HOW TO COMPLETE THIS TASK >> Leave out the pictures and restate the rest of the data exactly.

DATASET CONTENT >>
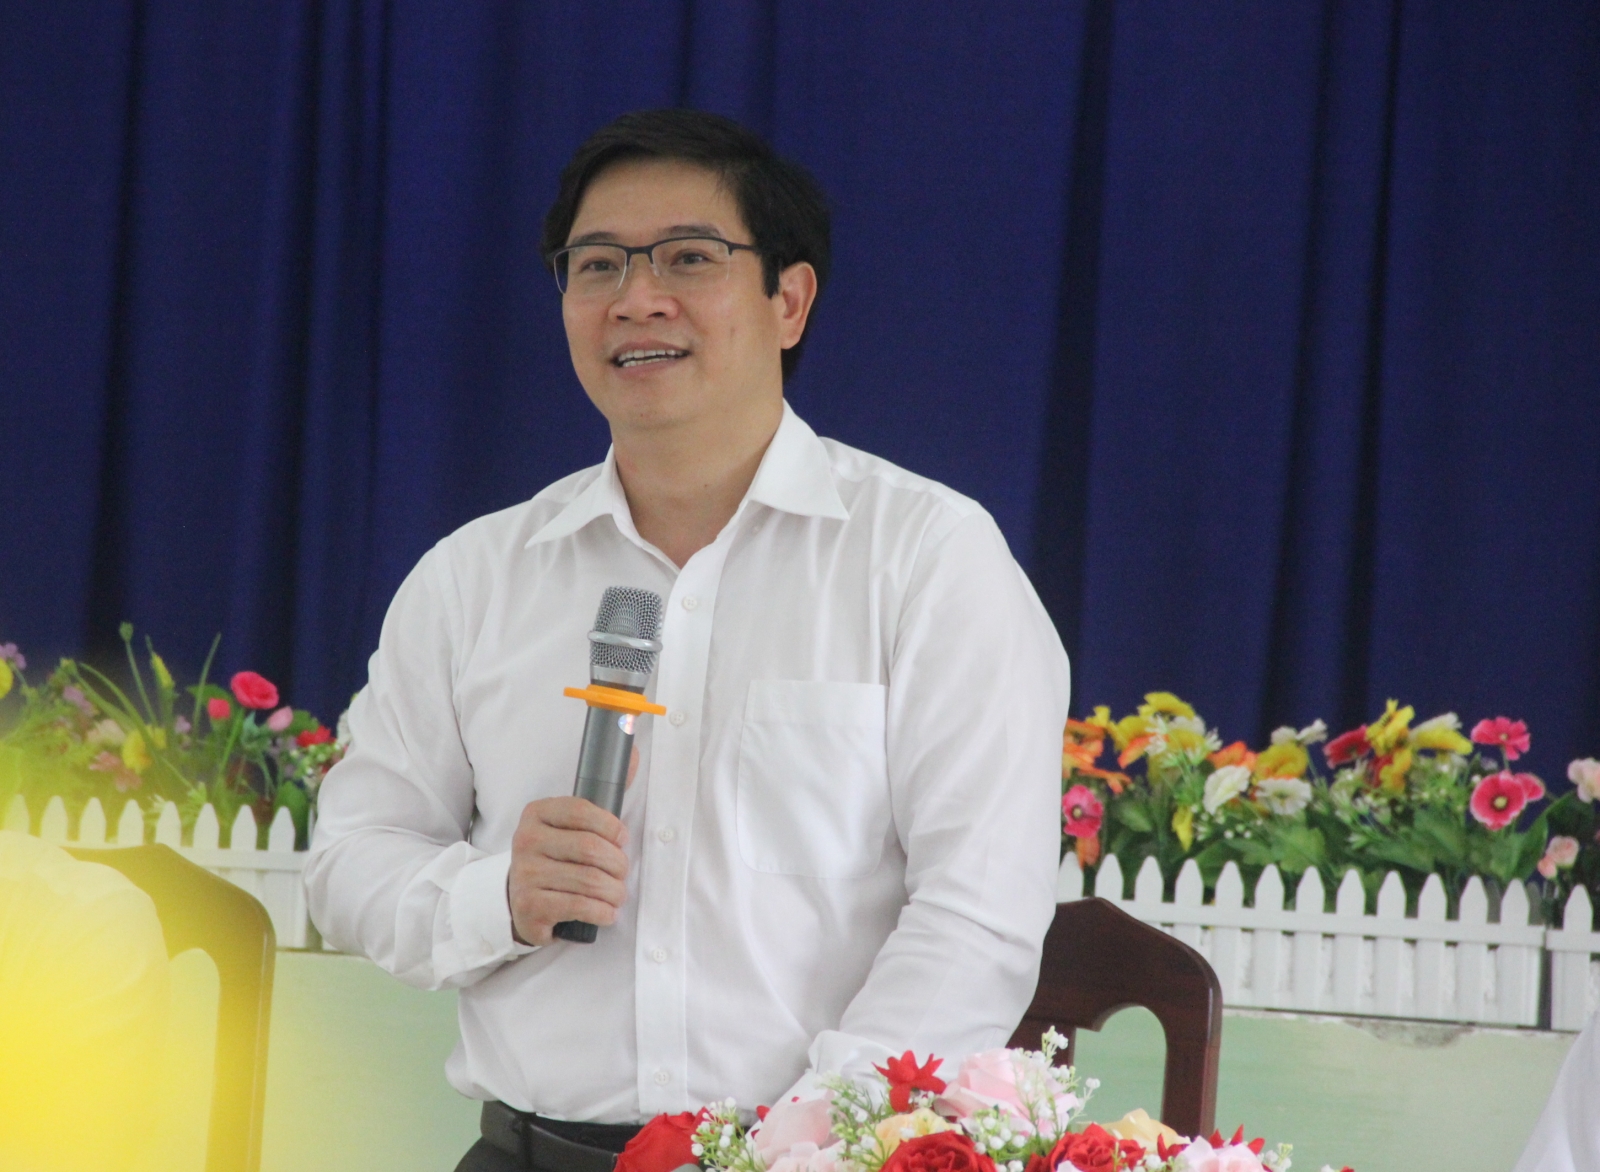 Thứ trưởng Nguyễn Hữu Độ khảo sát thực hiện chương trình GDPT 2018 tại TPHCM - Ảnh minh hoạ 6
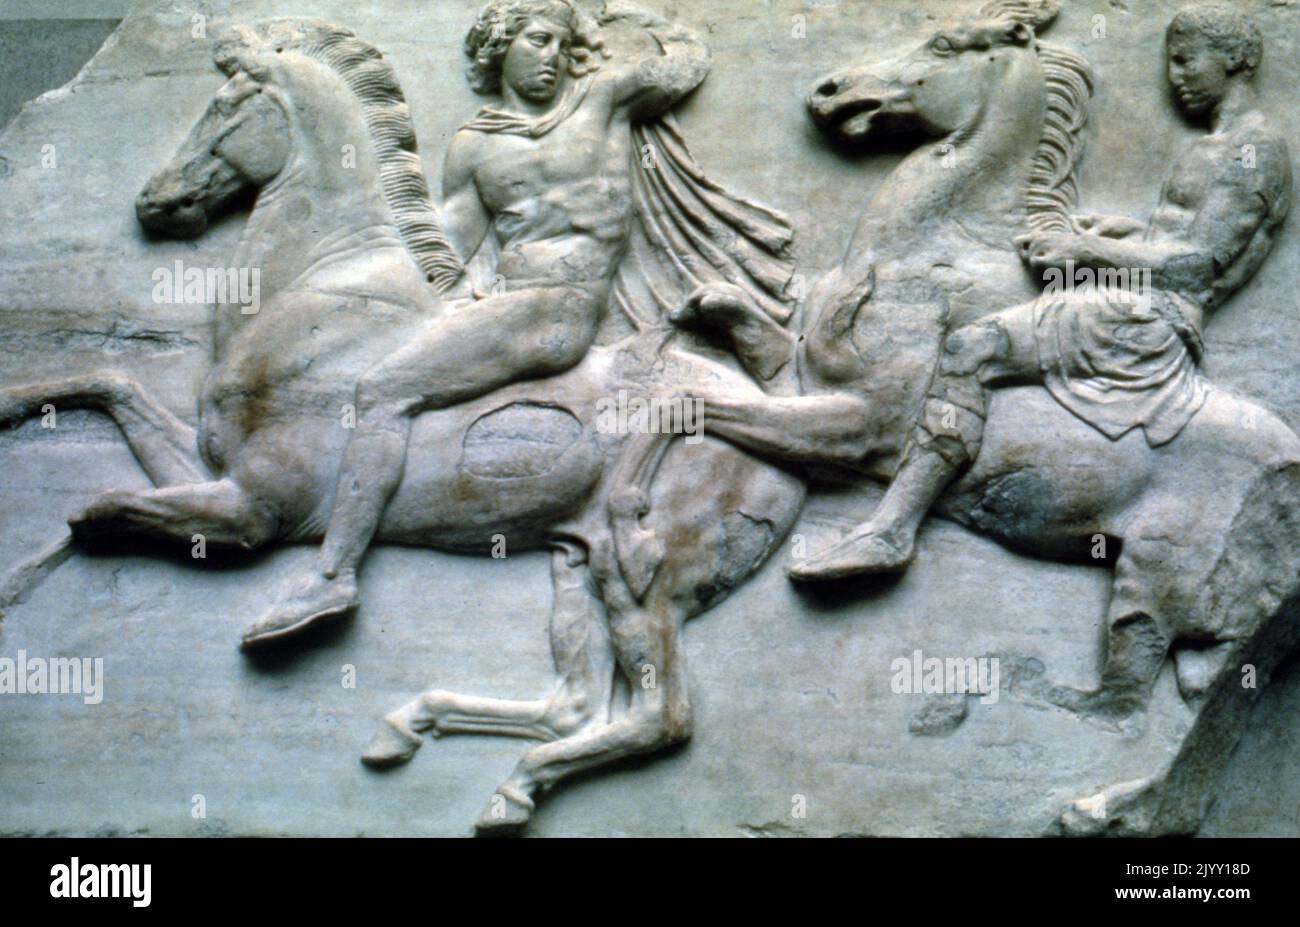 Le cavalier a représenté din un relief de marbre. Période classique, 480-323 av. J.-C. Frise occidentale du Parthénon Banque D'Images
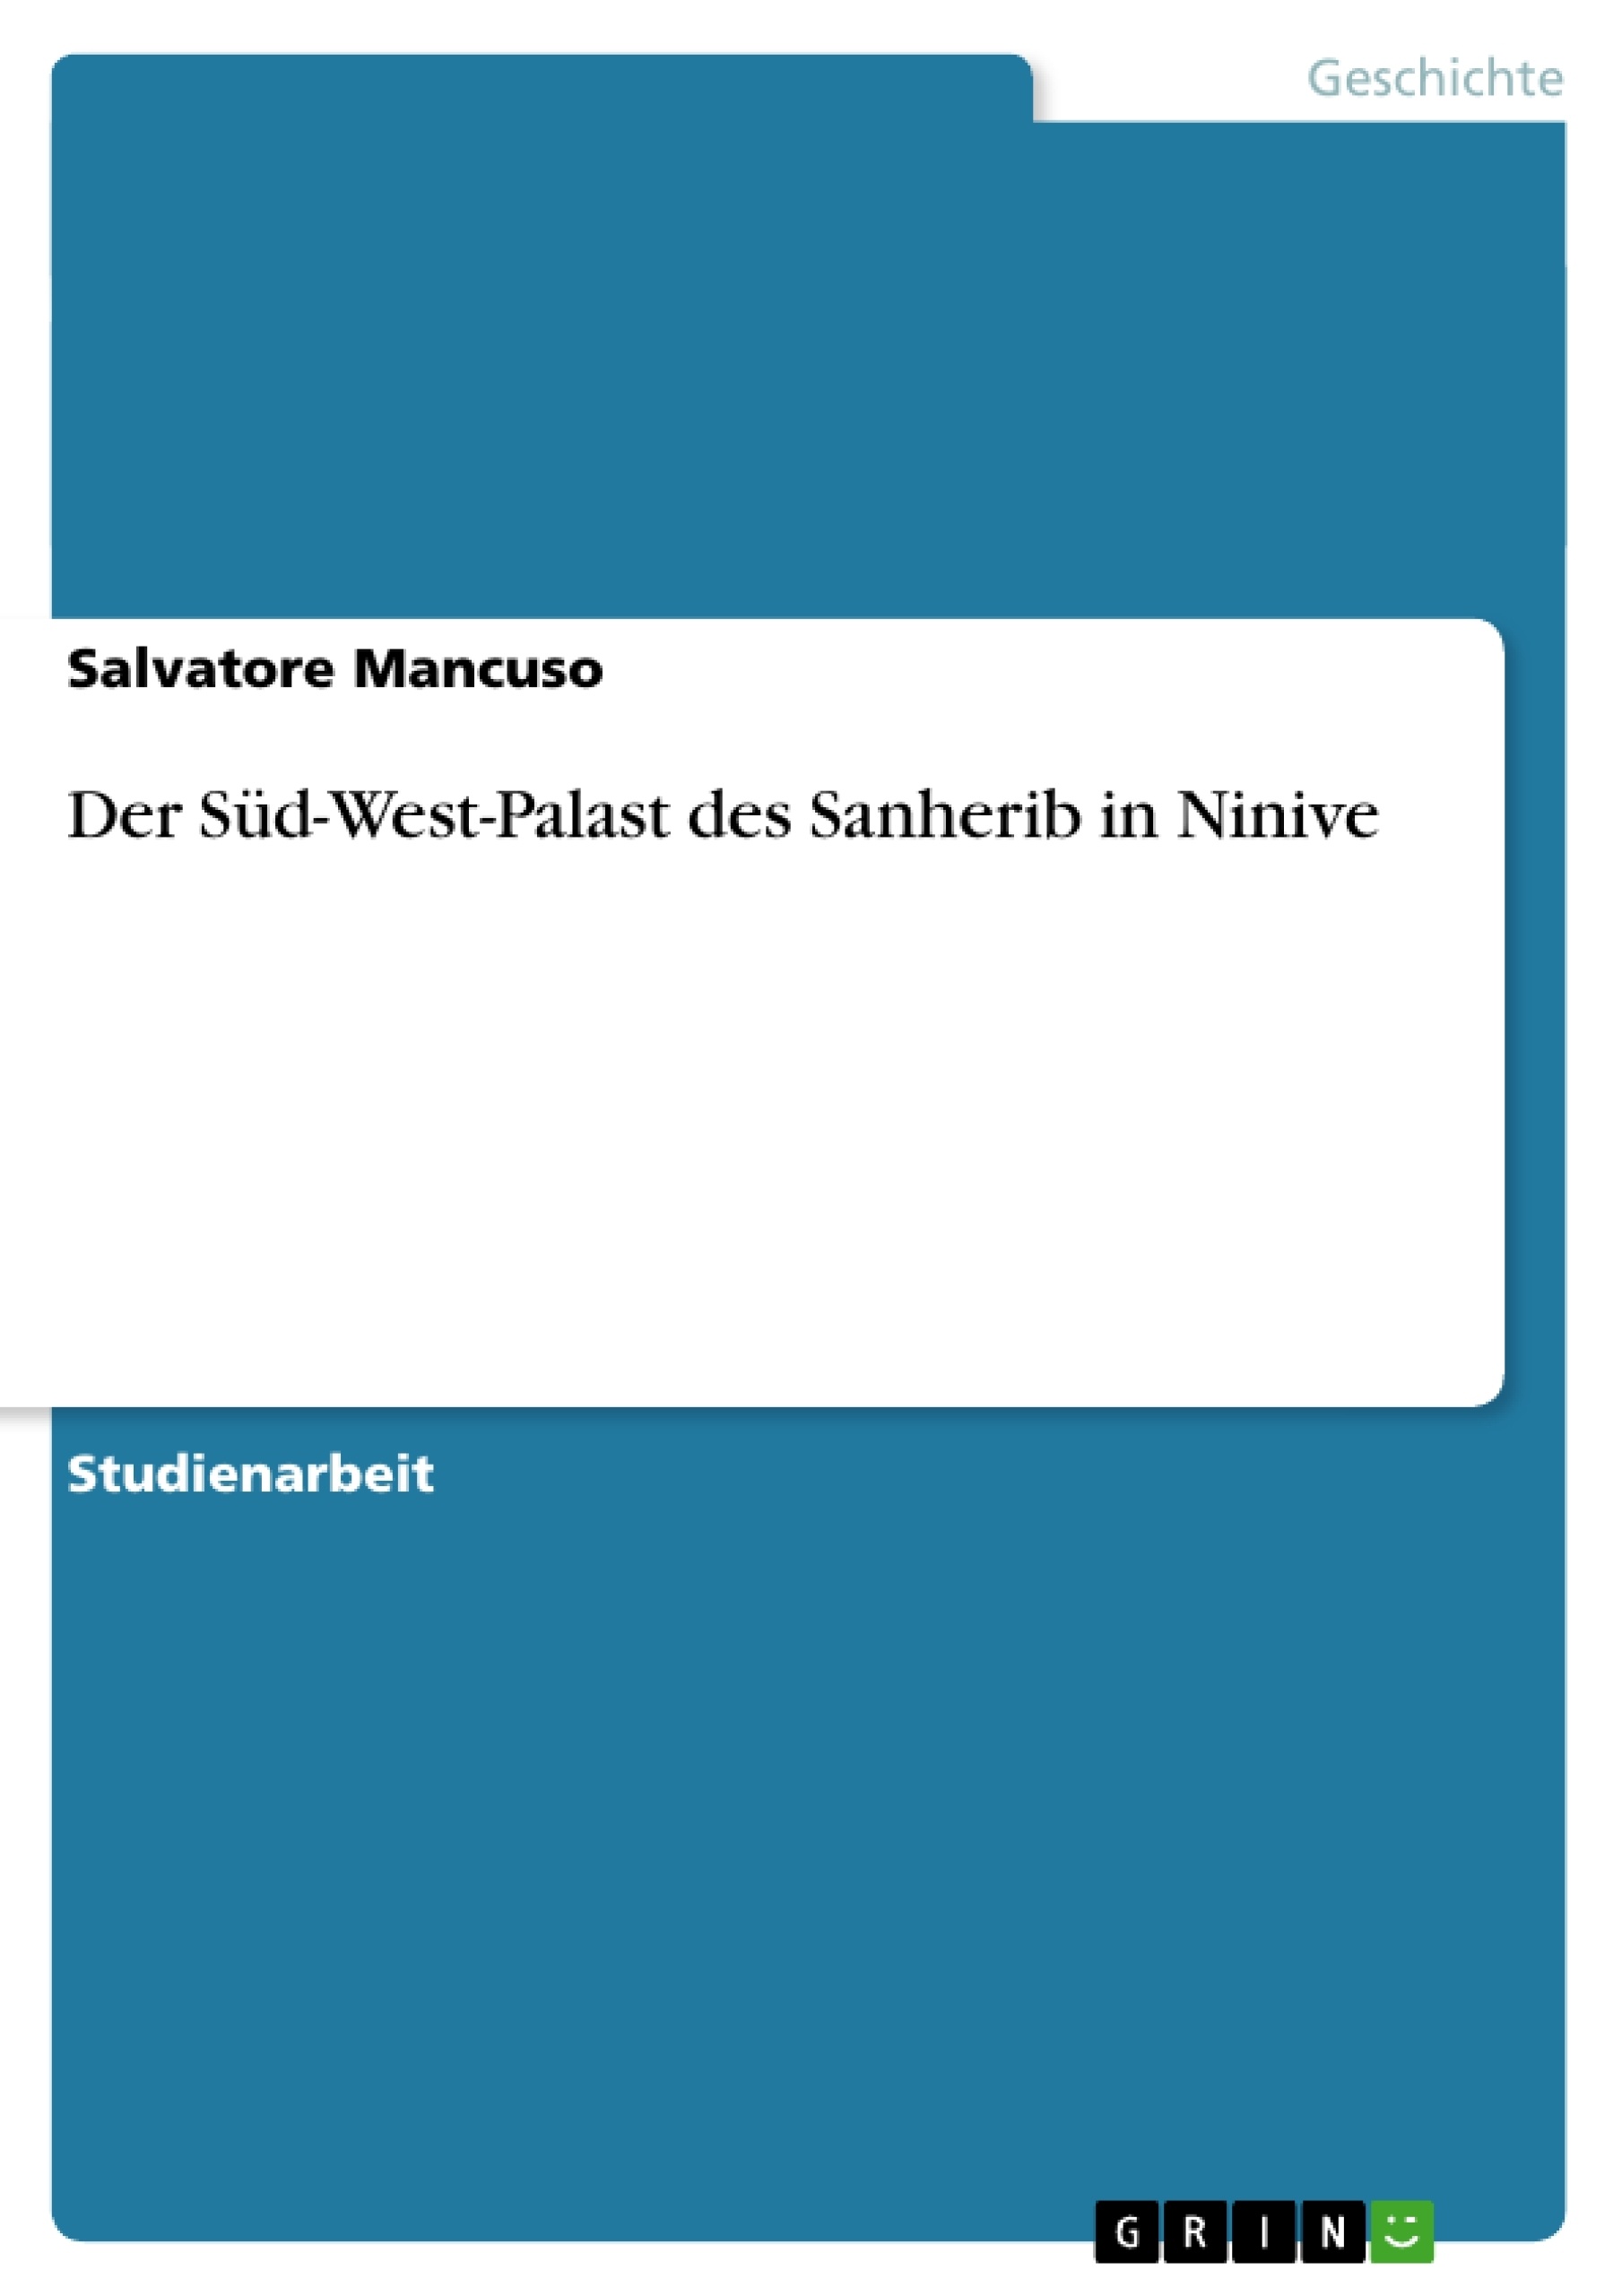 Título: Der Süd-West-Palast des Sanherib in Ninive

REPLY TO THE EXERCISE >>
 Thứ trưởng Nguyễn Hữu Độ khảo sát thực hiện chương trình GDPT 2018 tại TPHCM - Ảnh minh hoạ 6
 Le cavalier a représenté din un relief de marbre. Période classique, 480-323 av. J.-C. Frise occidentale du Parthénon Banque D'Images
 Título: Der Süd-West-Palast des Sanherib in Ninive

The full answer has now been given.